→ **GIVEN INFORMATION**:
---

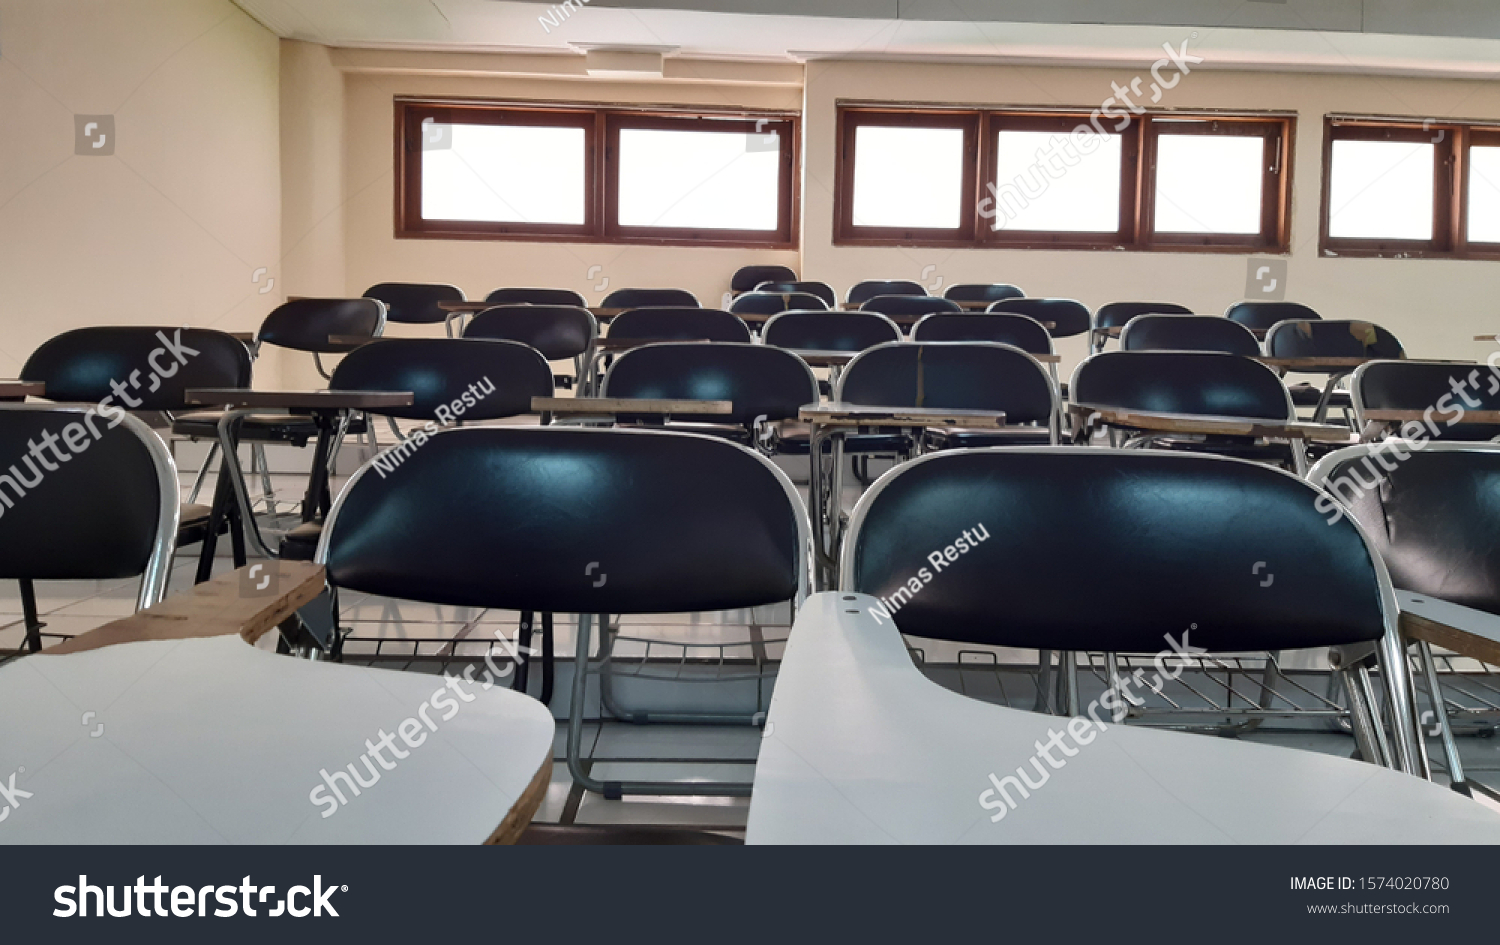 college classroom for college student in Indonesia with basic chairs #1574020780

---

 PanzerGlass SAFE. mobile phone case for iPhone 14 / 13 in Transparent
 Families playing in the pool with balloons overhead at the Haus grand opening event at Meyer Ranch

---

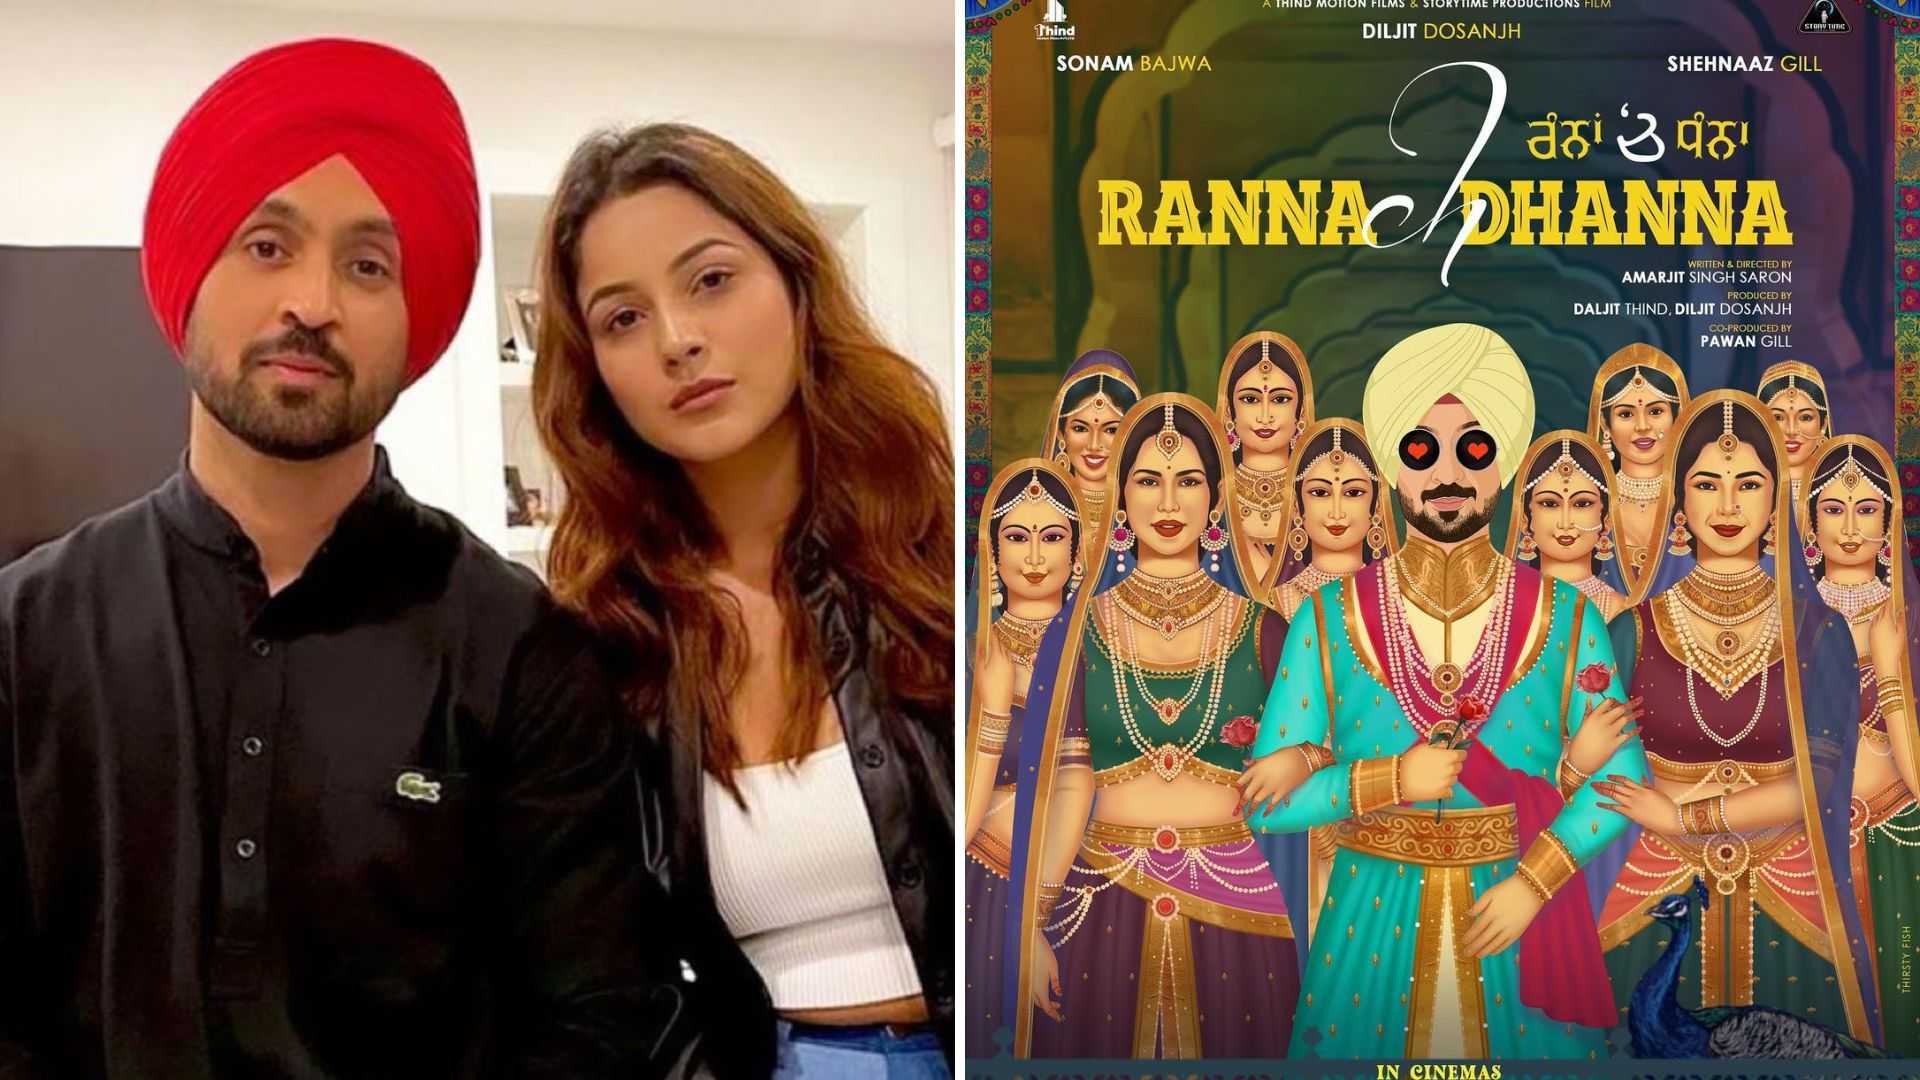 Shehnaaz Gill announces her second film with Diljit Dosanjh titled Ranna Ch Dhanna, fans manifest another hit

---

→ **EXERCISE INSTRUCTIONS**:
In the listing above, find the line with "PanzerGlass SAFE. mobile" and the line with "Families playing in". Output those two lines and every line between them, exactly as written.

→ **REPLY TO THE TASK**:
 PanzerGlass SAFE. mobile phone case for iPhone 14 / 13 in Transparent
 Families playing in the pool with balloons overhead at the Haus grand opening event at Meyer Ranch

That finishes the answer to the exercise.